The methods used are far from new, as Marie-Sarah Adenis, Pili creative director, is quick to point out: “It is a fermentation process similar to that used to obtain fermented food and is therefore based on age-old practices that have been industrialised and thoroughly mastered.” Though simple enough on paper, the start-ups working in this field have yet to scale up the processes to meet the needs of industrial production. 

In the 1990s, Palo Alto-based Genencor had investigated the possibility of making biotech dyes. It is considered a pioneer in the field of synthetic biology for industrial applications, but has since switched its focus to biofuels, and was absorbed by DuPont and may even be a part of the possible new biosciences joint venture with International Flavors &?Fragrances (IFF). It may also have been ahead of its time. 
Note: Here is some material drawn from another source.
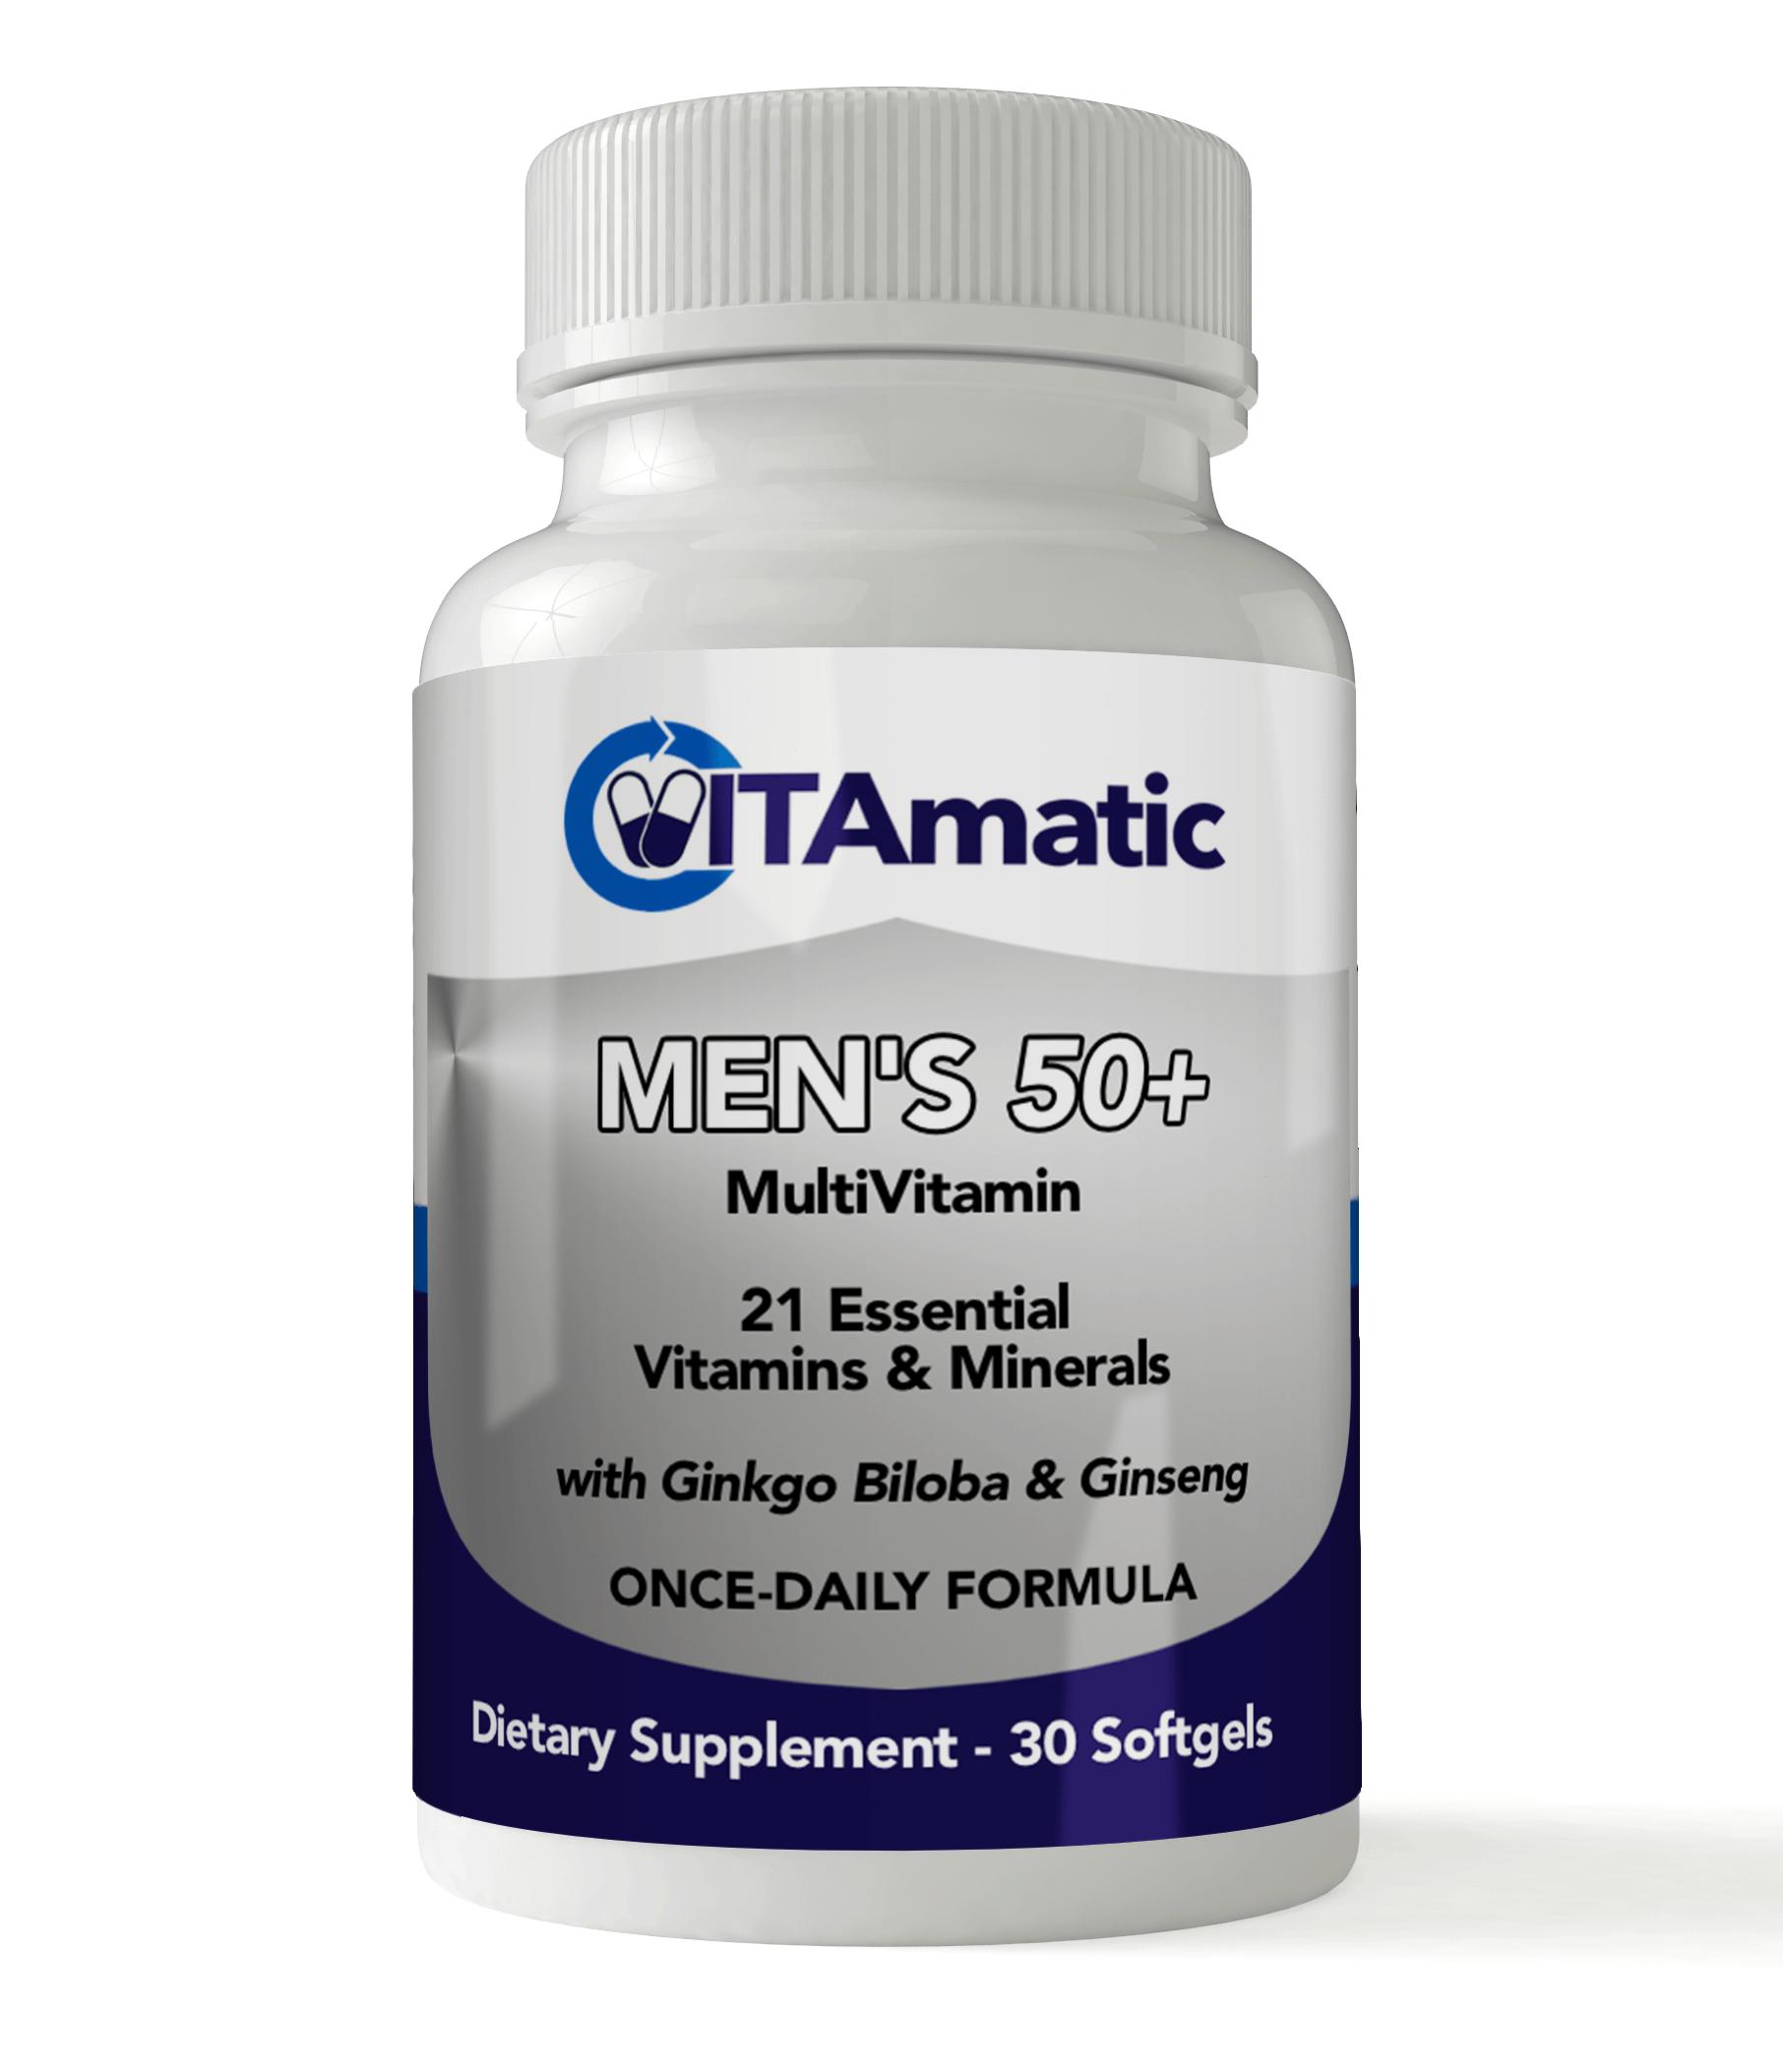 Vitamatic Mens 50+ Multivitamin

Now the pressure is on to find a better solution for a process that is essential to fashion, namely colour, and is also considered a major black spot for the industry. The World Bank estimates that the dyeing and treatment of garments is responsible for 17% to 20% of industrial water pollution globally. It is precisely this dire situation that motivated Pili to orient its biotech research towards the creation of a cleaner production method for colourants. 

Carbon and sugar 

The process in development at Pili, a French biotech start-up founded in 2015 and based in Toulouse, sounds simple enough as it entails feeding microorganisms sugar or other sources of carbon, which can be agricultural waste, says Ms Adenis.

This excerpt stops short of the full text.